In the current perspective, UHT milk is the obvious flag-bearer of the long shelf life milk concept. A kind of UHT product existed since at least 1951, when preheated milk was filled in cans and sterilized by the Dole process at 220C for 45s , but the origins of UHT are traditionally connected with the Uperization process developed by Sulzer Brothers and Alpura ( later taken over by APV) and the TetraPak sterile carton filler which went commercial at Verbandsmolkerei in Bern, Switzerland in 1961 (Burton H 1967a, b).
From what has been shown earlier it should be clear that the high temperature heating process and the equipment to perform it was just another step in the evolution of more sophisticated and better controlled heat processing lines. Such lines had been commonly used to pretreat milk destined for in bottle or in can sterilization, in fact the Bern plant was originally built with a can filler and a Dole can sterilizing process. All other major equipment manufacturers developed their own variants of the UHT processing line within a few years, either of the same direct steam injection type (Cherry Burrell, Alfa Laval), of steam infusion type, akin to the above mentioned Biorizer (Laguillharre, Breil&Martel, Paasch&Silkeborg, DASI), or with indirect heating (Alfa Laval, APV, Cherry-Burrell, Ahlborn, Sordi, Storck), Anonymous 1967, Burton 1967c,d,e,f,g, Krebs 1975.
In the same way, filler designs had gradually evolved towards more reliable hygienic standards by painstaking focus on detail, be it foaming in the filler, cleanability of the enclosure, overpressure, cleaning procedures and so on. If a single breakthrough should be singled out in UHT milk development, it would probably be the use of hydrogen peroxide to achieve a reliable sterility of the packaging material in the TetraPak aseptic filler which remained the dominant aseptic filler for a long time.
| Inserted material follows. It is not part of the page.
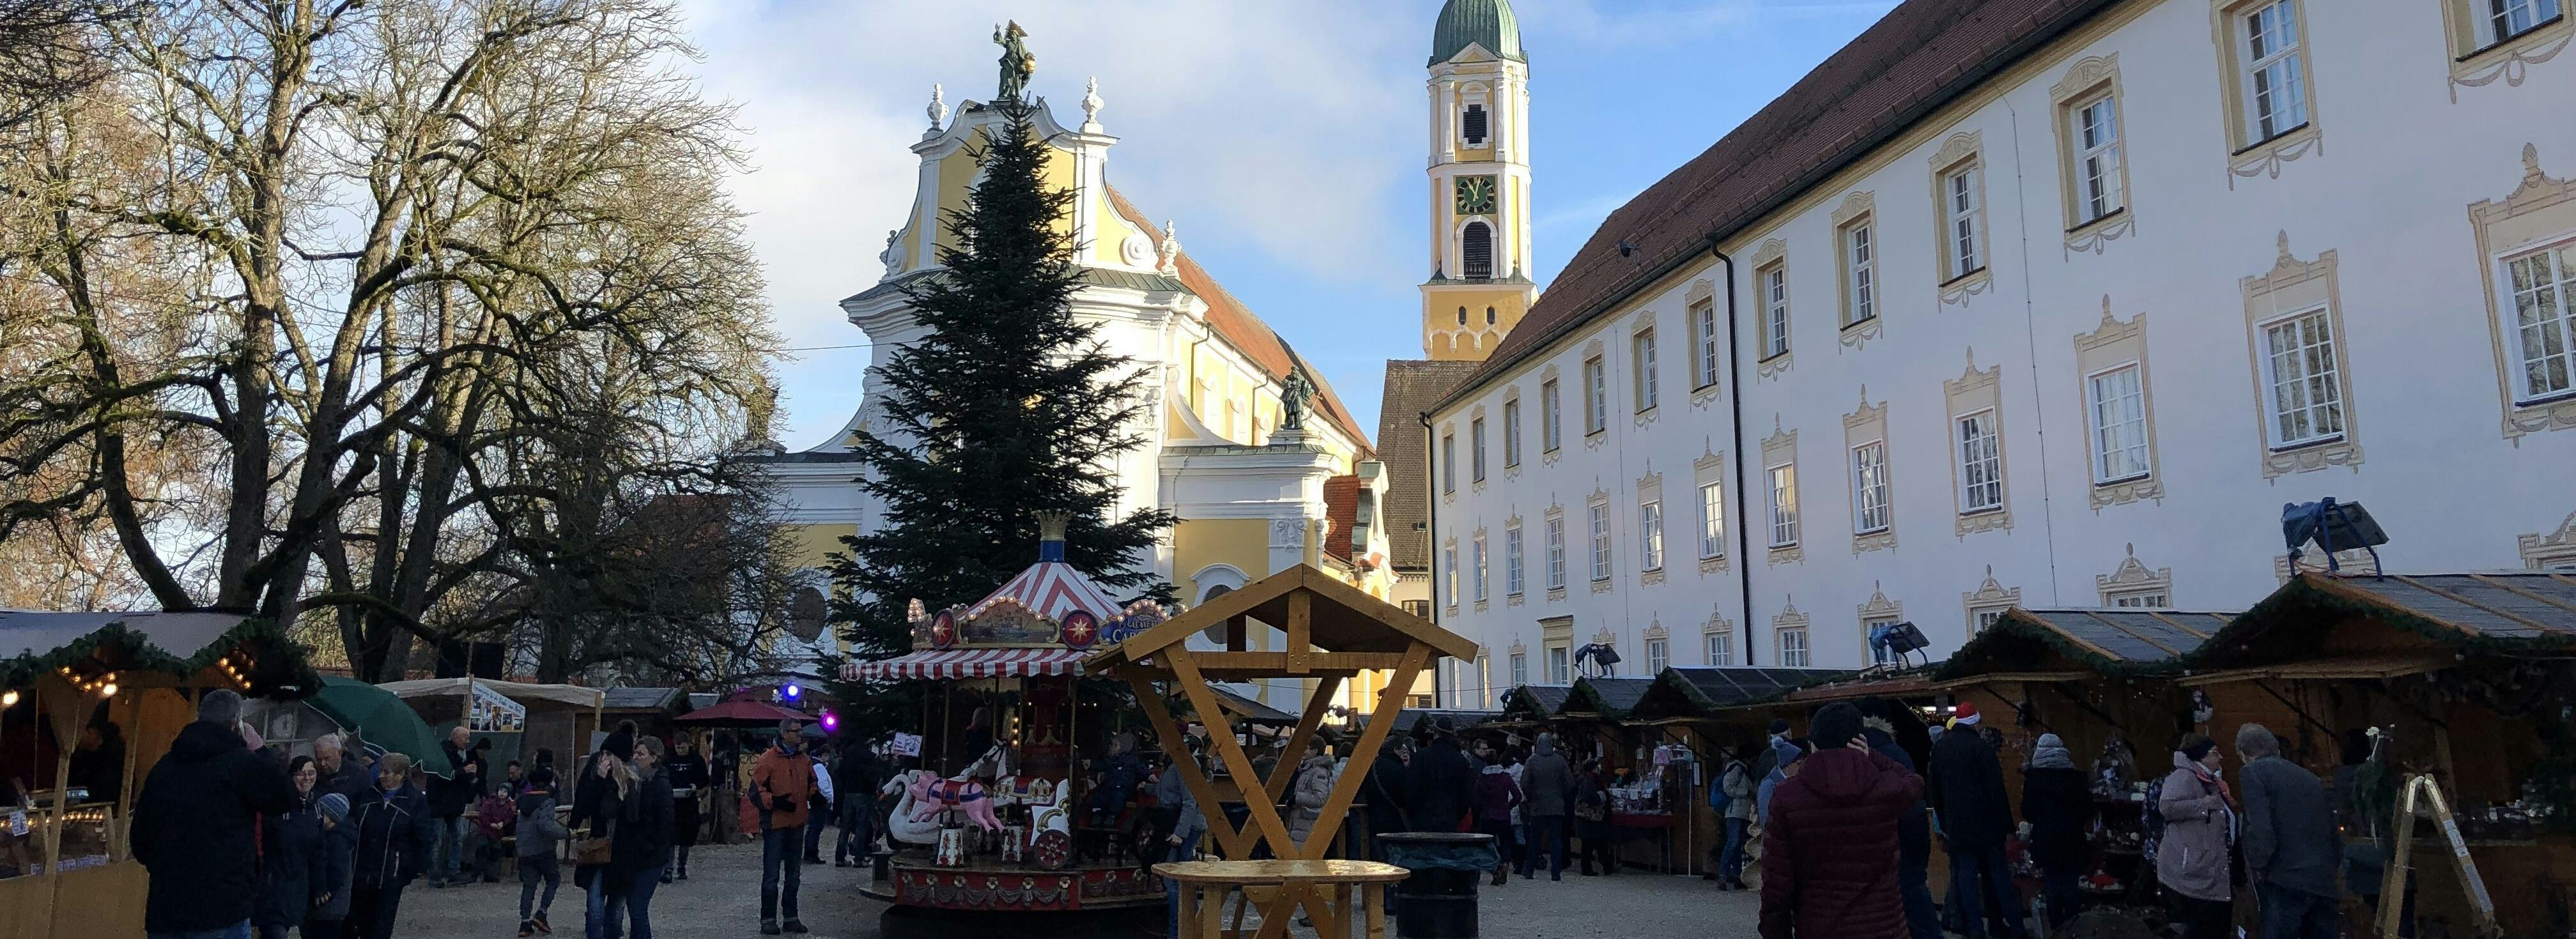 Ochsenhausen Weihnachtsmarkt Ramsauer Carreisen
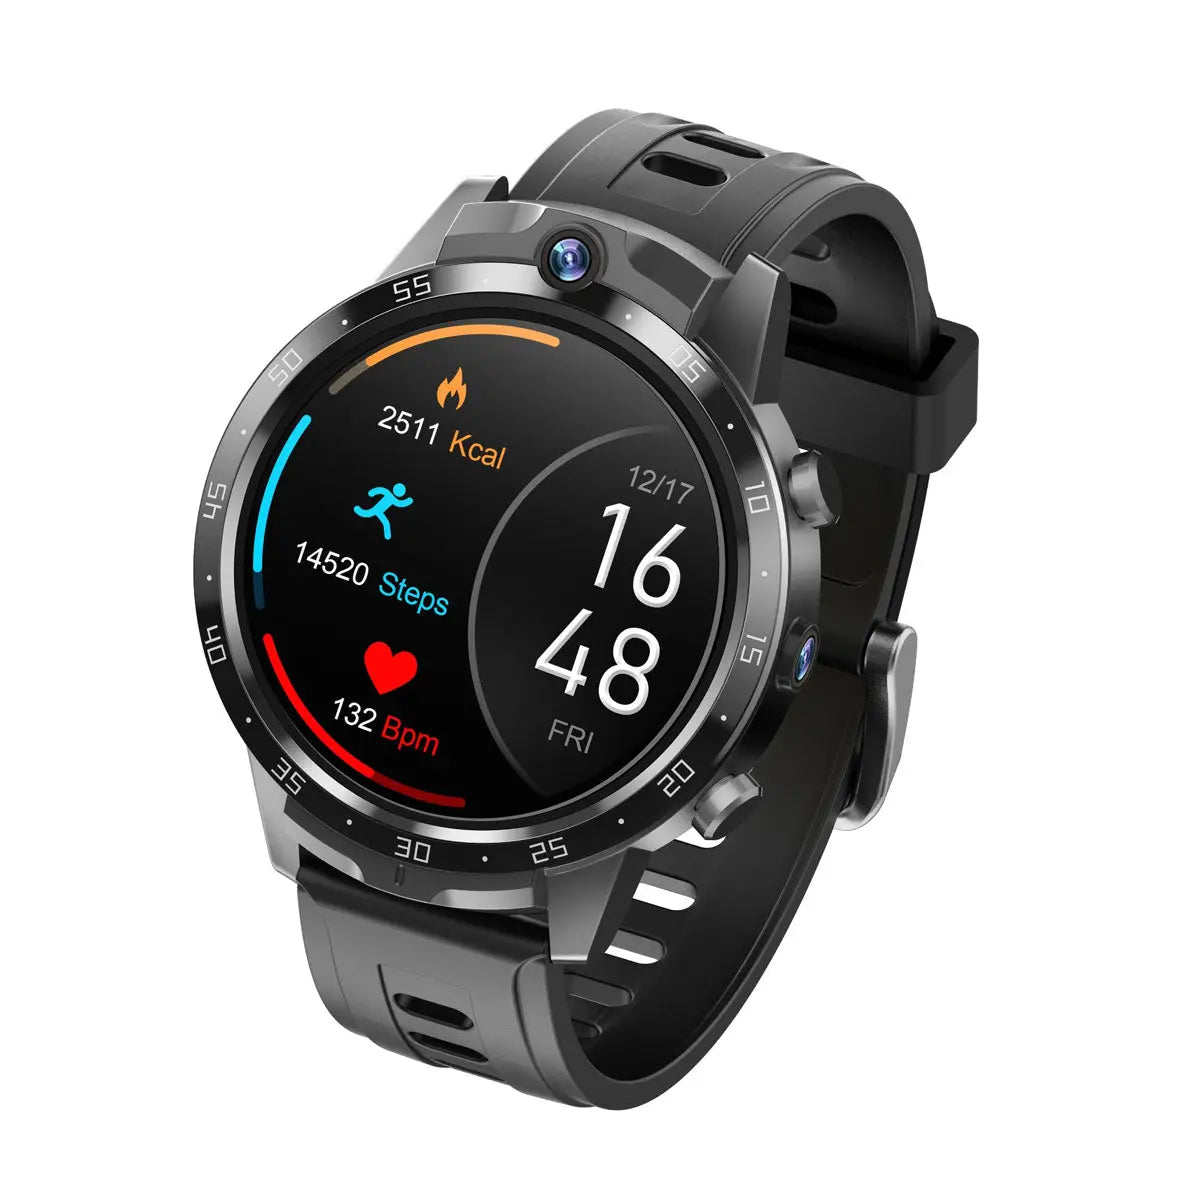 Smartwatch Reloj Android X600S Fralugio 2 Cámaras Wifi 4G NFC

The basic concept of wetting the packaging material with a hydrogen peroxide solution and drying it off again remains the dominant sterilization technique for packages which are not sterile produced onsite.
Plastic based sterile packaging appeared first with Prepack’s plastic pouch in 1964 and some ten years later with Formseal’s deep drawn cup and Remy’s blow moulded bottle. The light and oxygen barrier properties of the plastic packages have only slowly improved to match the five-ply sterile carton which, in contrast to the carton used for pasteurized milk, from the very beginning included the impermeable aluminium layer.
The need for longer shelf life of milk was not acutely felt in the US, with its much better developed refrigeration system and common 3 week shelf life of pasteurized milk,. It took twenty years before the first commercial UHT plant appeared. There is a surprising analogy with the slow acceptance of pasteurization.
With the microbial growth eliminated, there was a renewed surge of interest in the reasons why UHT milk would not keep indefinitely. Heat stable bacterial proteases were identified by Mayerhofer, Marshall, White, & Lu, (1973) and heat stable lipases by Driessen & Stadhouders,1974.A new indigenous proteolytic enzyme,Cathepsin D, was identified by Kaminogawa&Yamauchi 1972 and the role of plasmin, plasminogen, and their inhibitor/activator systems clarified in the early 80ies (Grufferty&Fox,1988, Kelly & McSweeney, 2003).